Ah, to be young again. The memories of my youth come flowing back like a flash flood after a hard rain. Remember those "care-free" days of childhood?
The year is 1973. It took me three hours to get ready for school today. I had to blow-dry my hair poker-straight, and then set it with my Kindness instant hair setter. I was able to achieve that Farrah Fawcettishness! How cool is that! My makeup is that perfect balance of powder blue shadowed eyes and chalky pink lip-gloss! Oh my god, the hair and makeup never work on the SAME day! Cool, cool, cool! My white polyester body suit fits like a second skin and looks great on me (provided I don't exhale or eat all day) and really shows off the waaaaay cool pair of plush bottom elephant pants (with FIVE SNAPS, not three) that I babysat for two whole weeks to afford. My pants are exxxtra long and drag along the ground, so you can barely see my oh-so-cool pair of Converse tennis shoes that just peek out from under them. (So WHAT if no one else knows their genuine Converse. I KNOW, and that adds to my inner-coolness).

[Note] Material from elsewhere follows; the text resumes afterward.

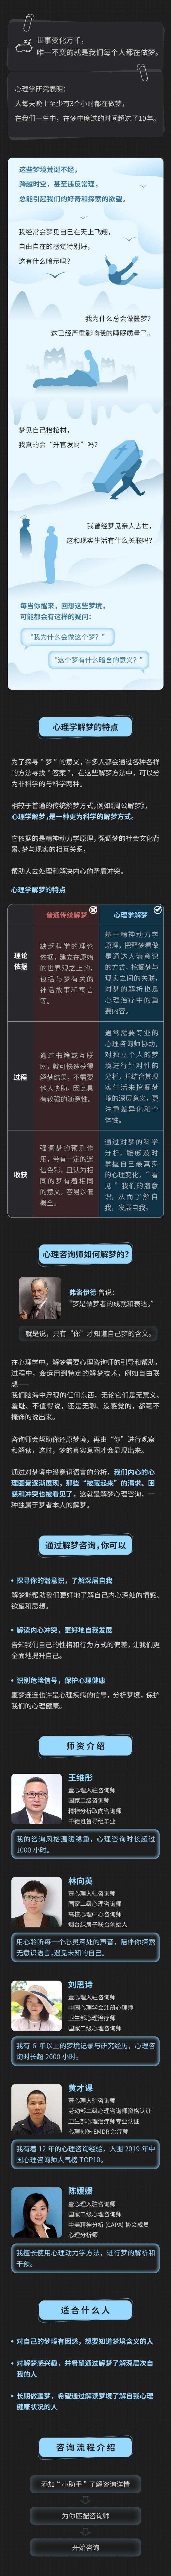 蜗牛-解梦咨询详情页.jpg
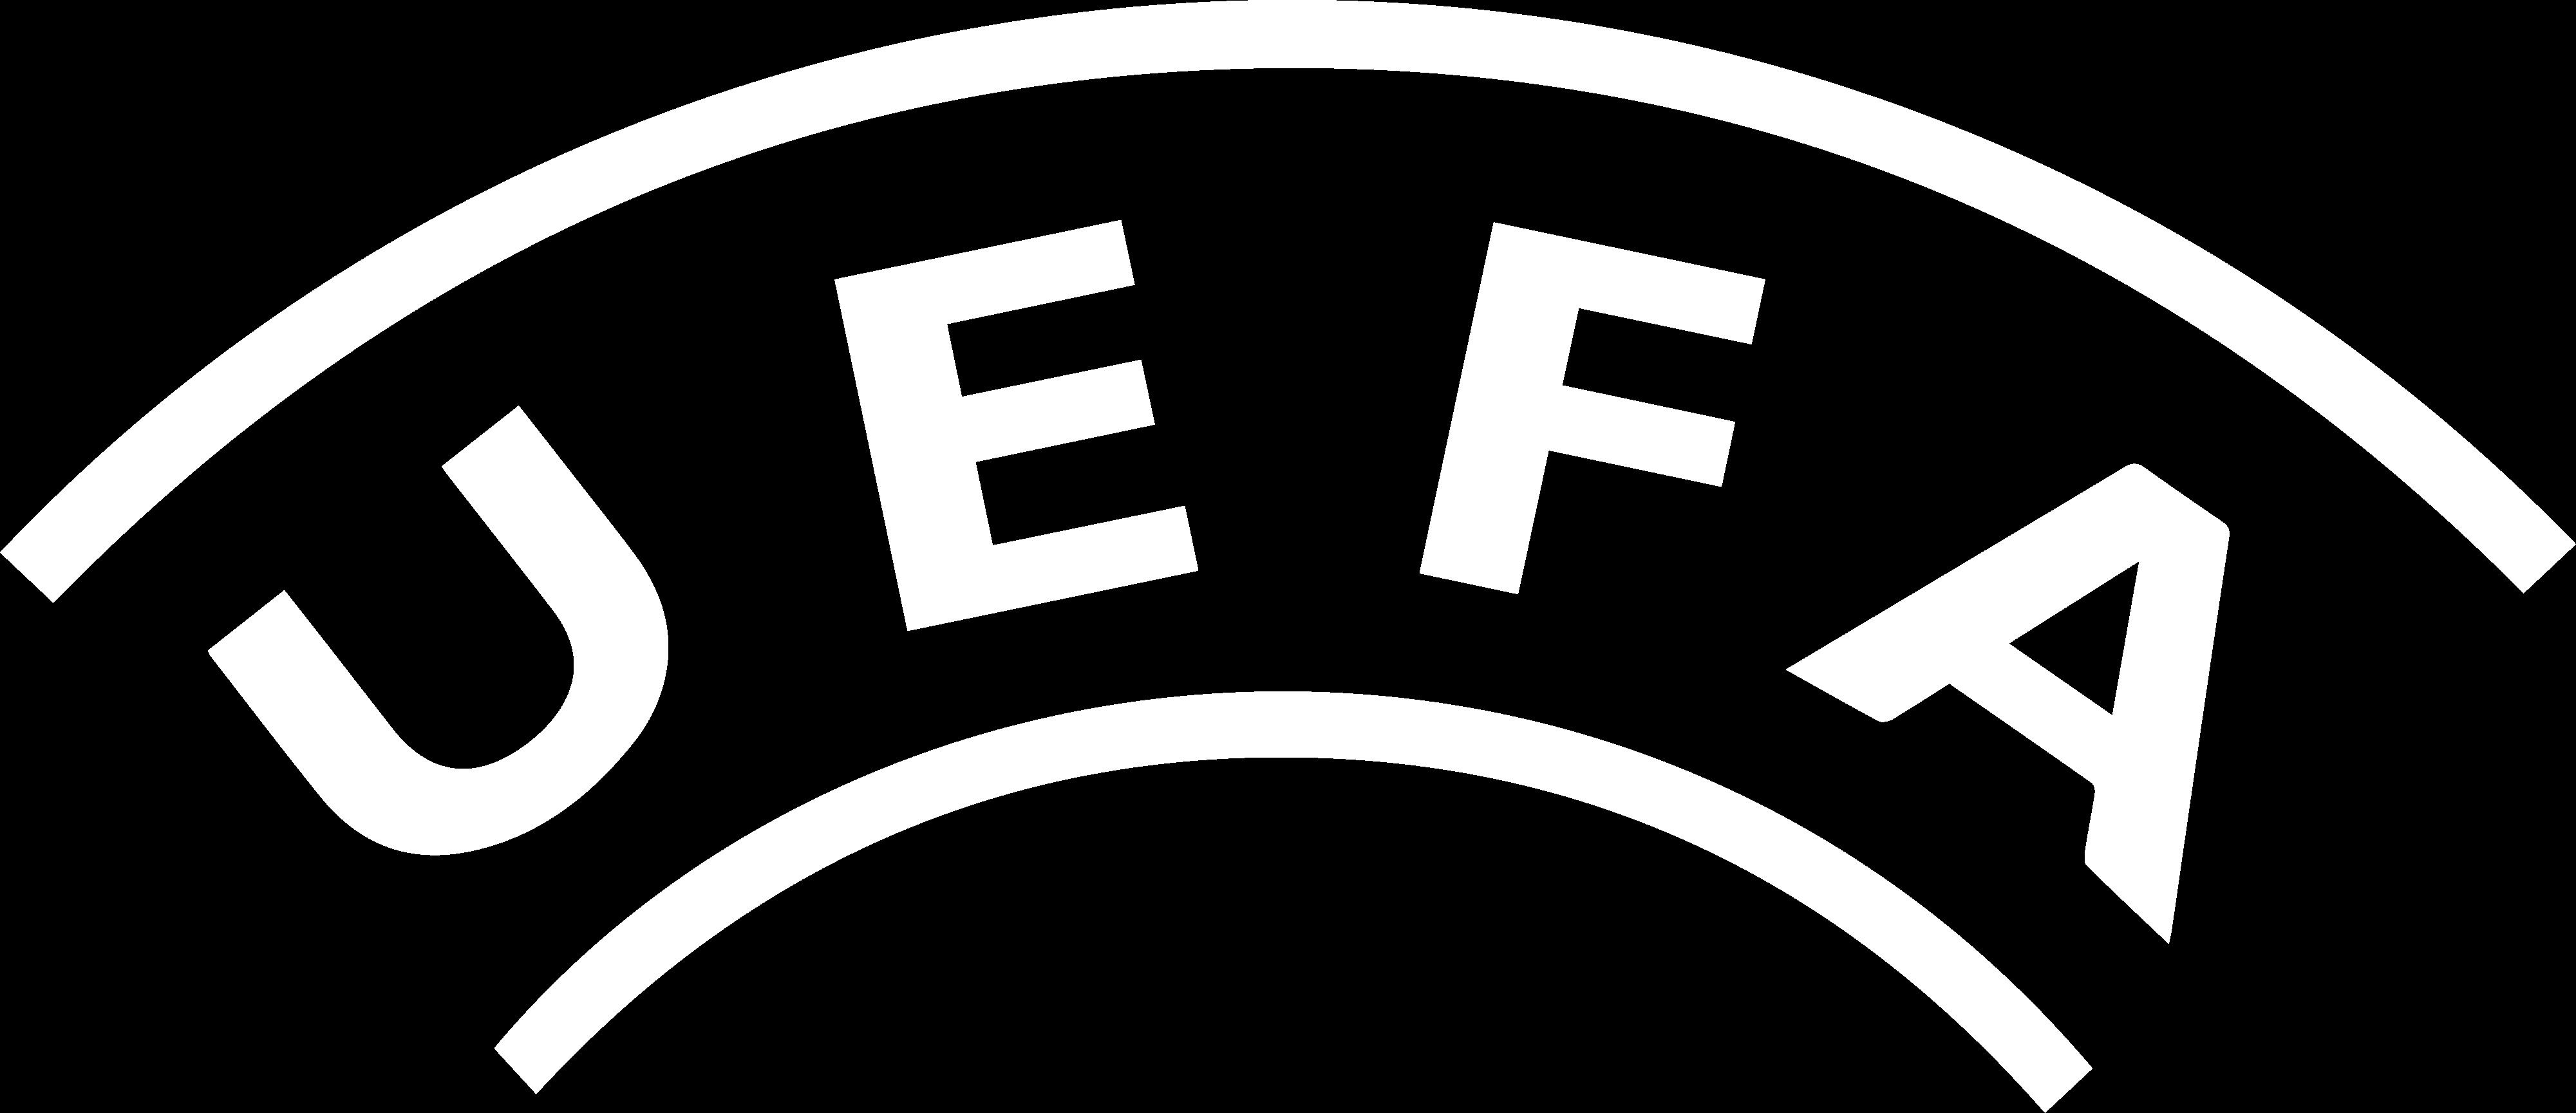 UEFA@4x

Wow, I'm cool. I'm soooooooo cool. No-one looks as cool as I do this spring day in my Eighth grade year in middle school!

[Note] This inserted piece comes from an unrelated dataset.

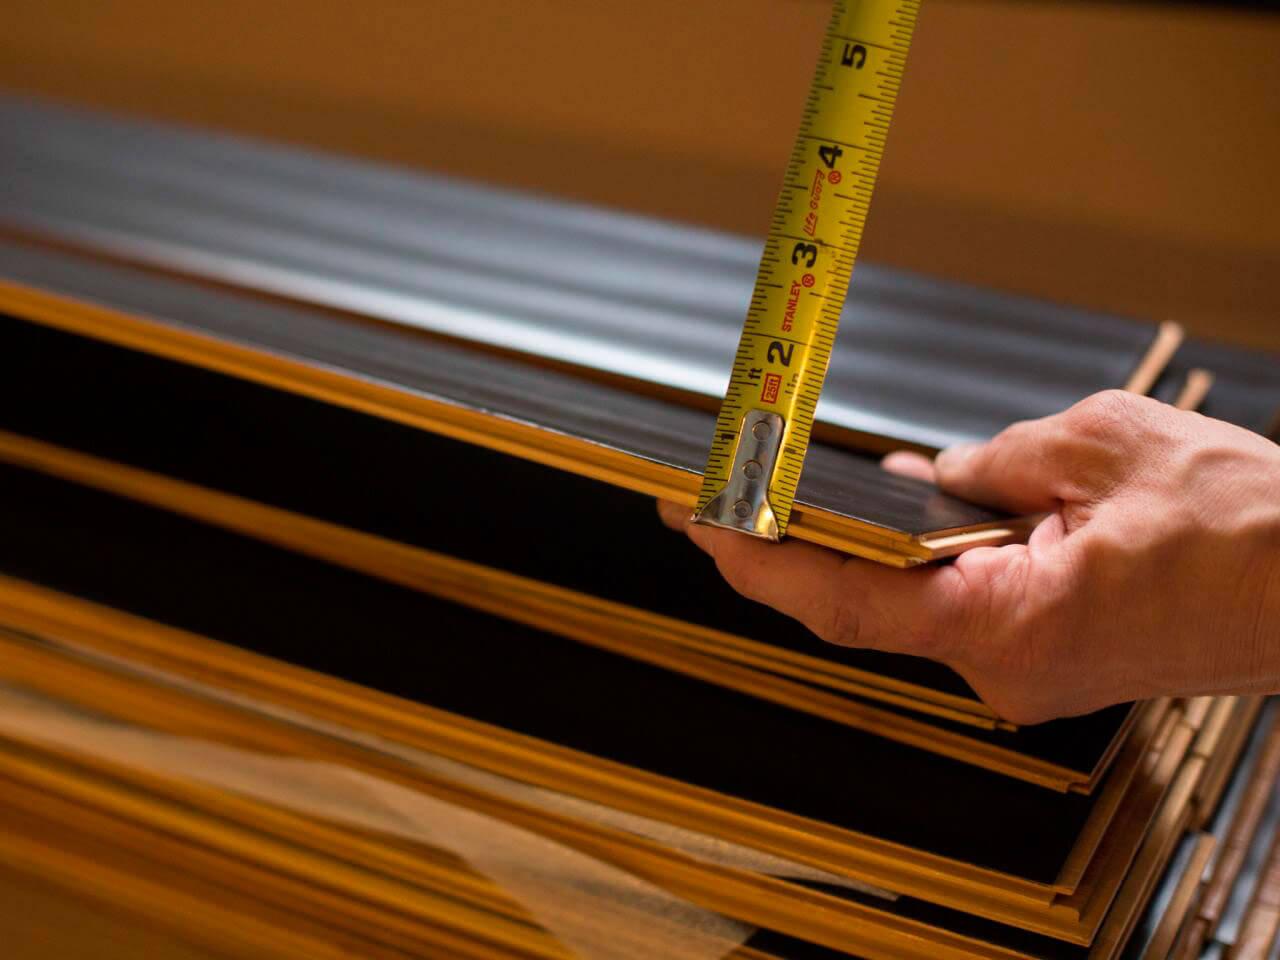 Измерение толщины доски

Bob Rizzo, (my first boyfriend EVER) is waiting for me at the bottom of the main staircase in the main hall. We will then walk down the hall TOGETHER on the way to our next class. I feel like Scarlet O'Hara as I begin my descent down the stairwell. My plan is to cascade effortlessly down the stairs while my feet barely touch each step. My COOL look and demeanor will impress Bob so much that he'll ask me to marry him the minute I join him on the first floor!

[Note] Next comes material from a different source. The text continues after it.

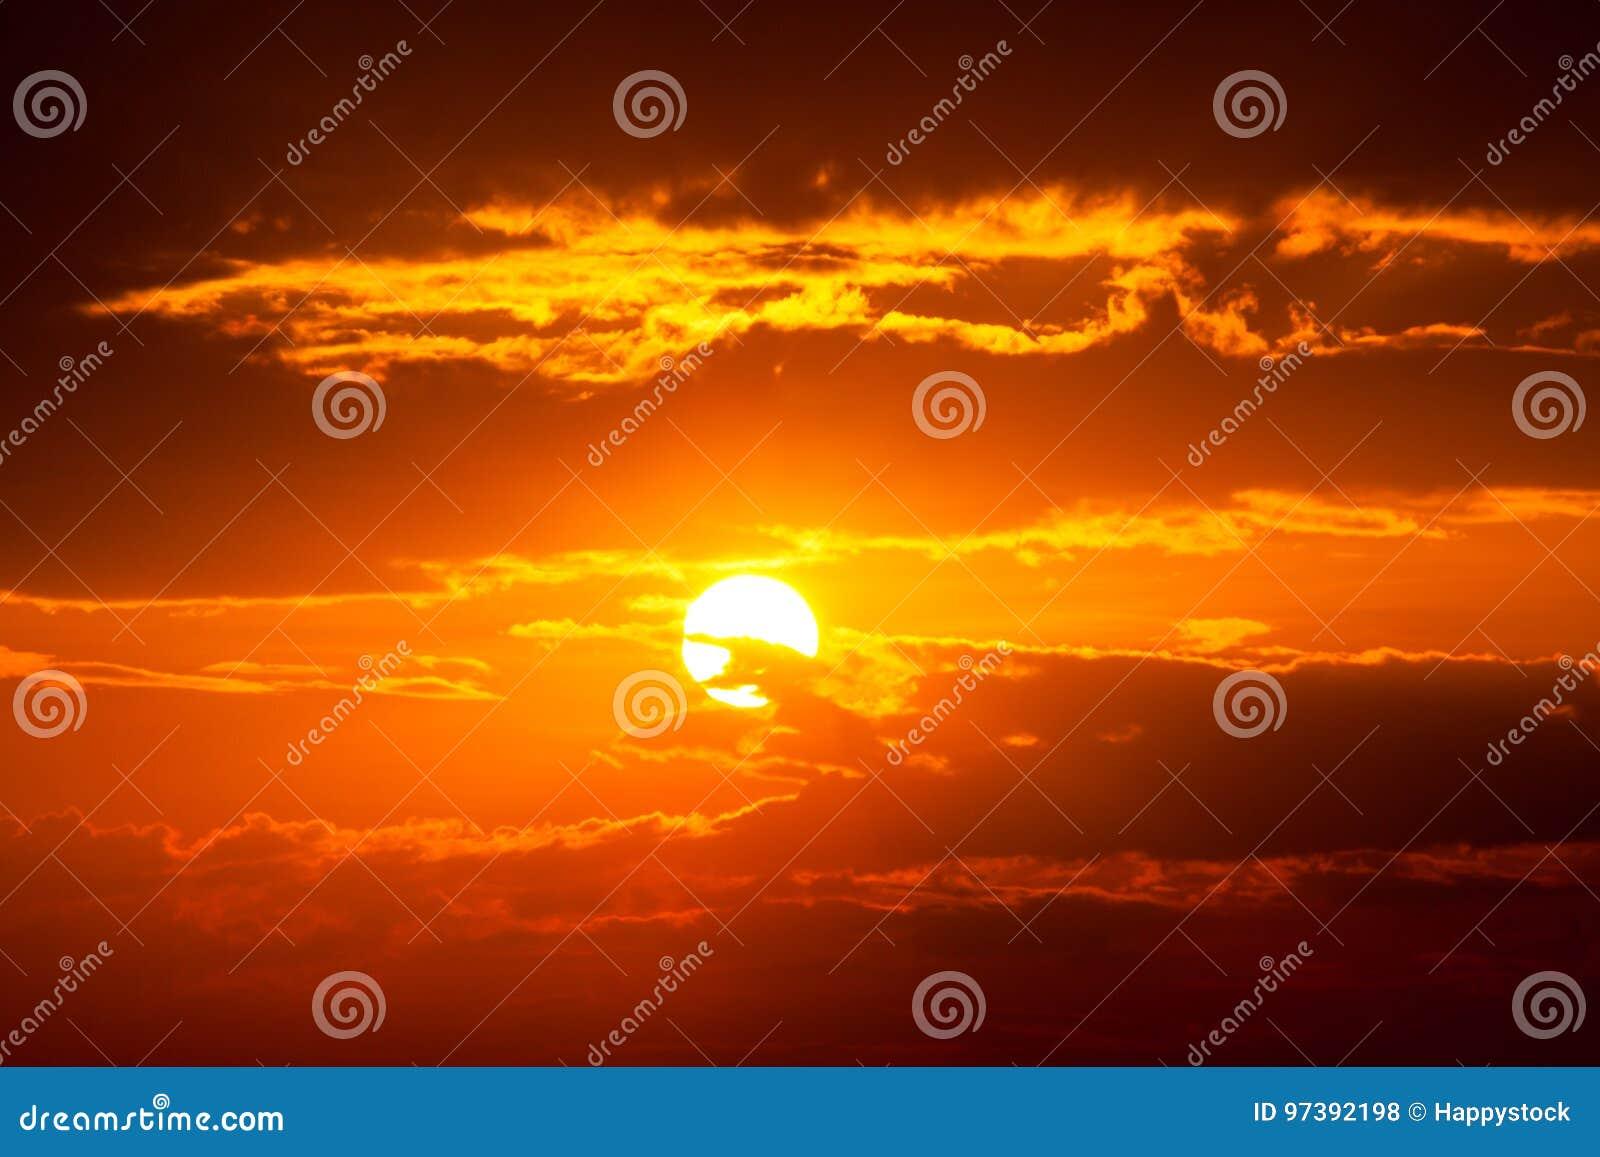 太阳光芒是下来和惊人的剧烈的橙色云彩,微明

What I do not realize until that moment is that the circumference of my tennis shoes exactly matches the measurement of the opening of my pant-leg. What does this mean? It means that BOTH cool shoes get stuck within the extra-long legs of my cool pants simultaneously. It means that rather than "cascade", I "roll" down the entire flight of stairs, gaining momentum as I go, with my books and other students bouncing about me. I land squarely on my behind with a shocked and bewildered look on my face. My boyfriend is nowhere to be seen (it turns out Bob has run down the hall so that I won't see how hard he is laughing) and I struggle to my feet, pry my shoes free from my pants, and hobble off to my cooking class.
Ah, yes. Those "care-free" days of youth. Remember them? Yep. Neither do I.